Em muitos casos, faltavam documentos, registros oficiais e até mesmo informações básicas que permitissem ao Estado saber quem eram essas pessoas, onde viviam e quais eram suas necessidades.
Nos últimos anos, esse cenário começou a mudar.
Com a retomada do SISFamílias em 2023, o Instituto Chico Mendes de Conservação da Biodiversidade (ICMBio) passou a ampliar o levantamento e a organização de informações sobre populações tradicionais residentes e beneficiárias das unidades federais. Hoje, o sistema reúne dados de quase 80 mil famílias e mais de 220 mil pessoas, tornando-se uma das principais ferramentas para articular políticas públicas em territórios historicamente invisibilizados.

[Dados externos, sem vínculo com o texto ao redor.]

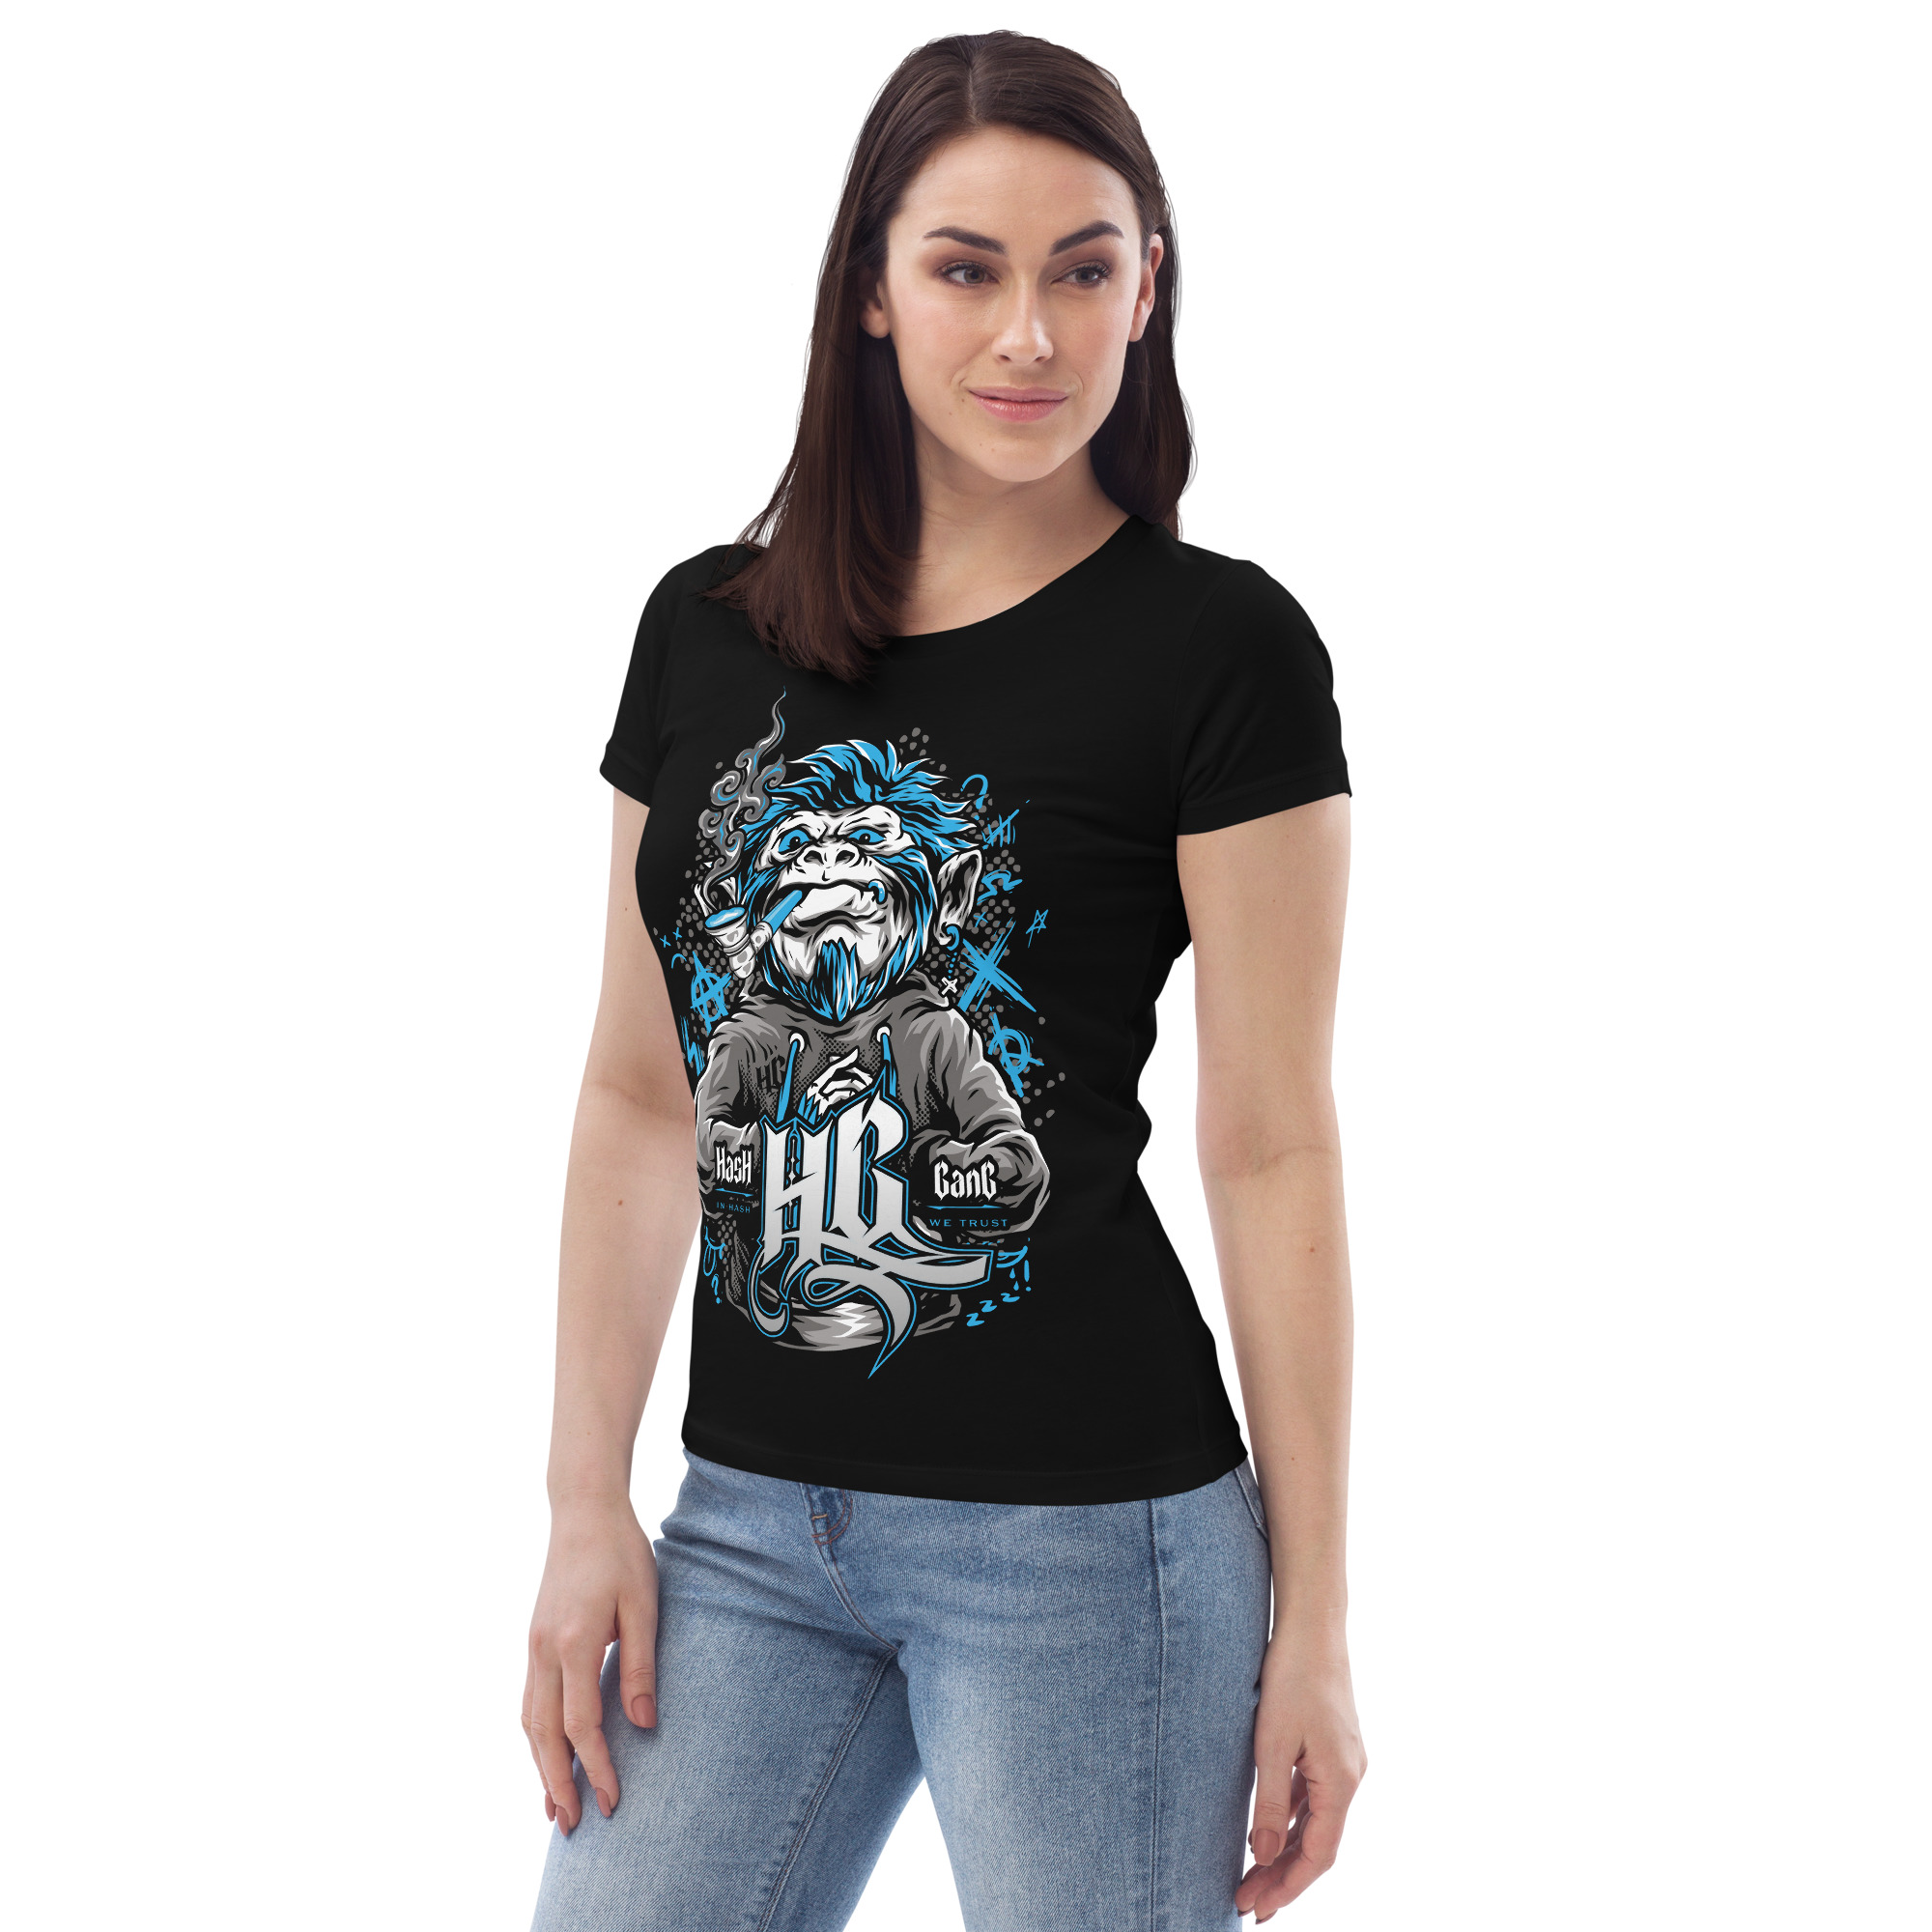 womens-fitted-eco-tee-black-left-front-65a787bea6245.jpg
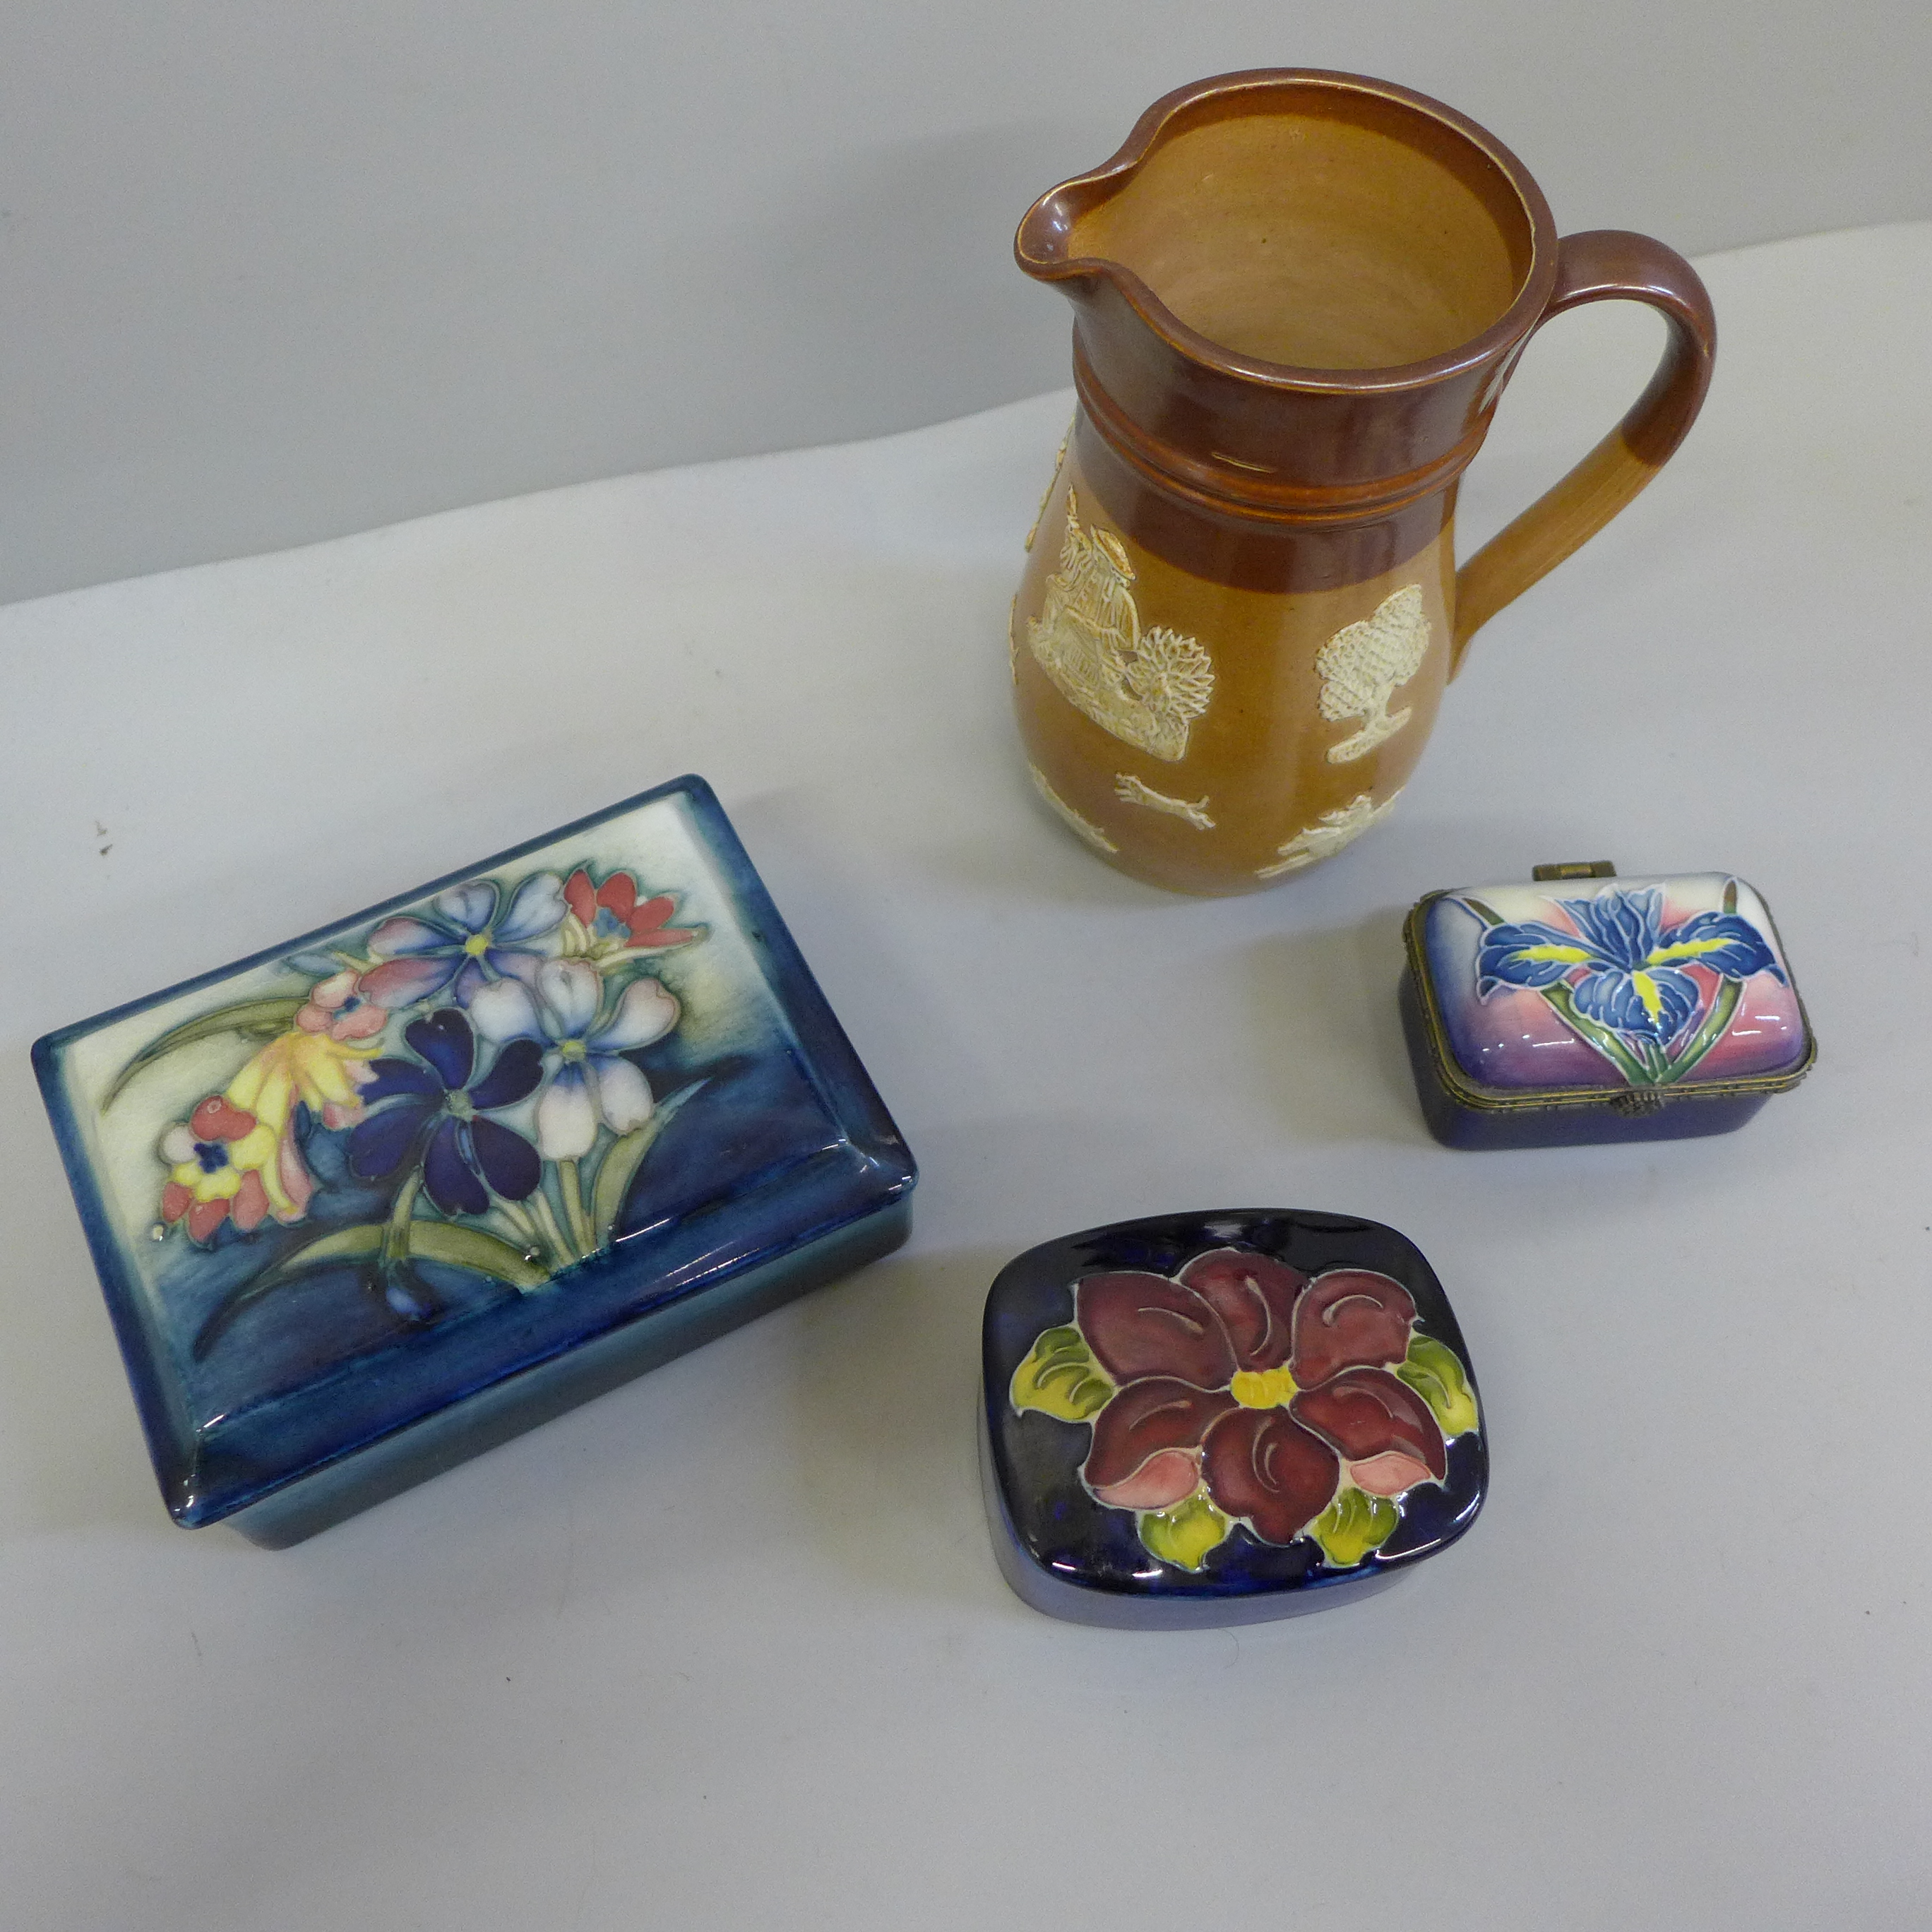 Two Moorcroft pots, the larger one signed W.Moorcroft, an Old Tupton ware pot, and a Royal Doulton - Image 2 of 3

É dessa forma que o SISFamílias tem se consolidado como uma ponte entre comunidades tradicionais e programas voltados à redução da pobreza, inclusão produtiva, segurança alimentar, acesso à água, energia elétrica e fortalecimento da conservação ambiental.
“O SISFamílias tem um papel fundamental porque permite identificar quem são essas famílias, onde estão localizadas e quais são suas principais necessidades”, explica Lilian Estrela, coordenadora substituta de Articulação de Políticas Públicas (COPCT/CGPT/DISAT) do ICMBio.
“Com esses dados, o ICMBio consegue encaminhar informações mais precisas aos órgãos responsáveis pela implementação das políticas, contribuindo para um melhor direcionamento das ações e maior efetividade no atendimento”, explica Lilian.
Luz para Todos: muito além da energia elétrica
Quando se fala em energia elétrica, é comum pensar apenas em iluminação. Nas unidades de conservação, porém, o impacto vai muito além disso. Para muitas famílias, a chegada de energia representa permanência, oportunidade e desenvolvimento dentro do próprio território, representa dignidade e cidadania no dia a dia.
Segundo Lilian Estrela, a chegada da energia amplia as possibilidades de estudo, comunicação, armazenamento de alimentos e medicamentos, além do fortalecimento das atividades produtivas. Em muitos territórios, ela representa também a possibilidade de acessar serviços essenciais sem precisar deixar a comunidade.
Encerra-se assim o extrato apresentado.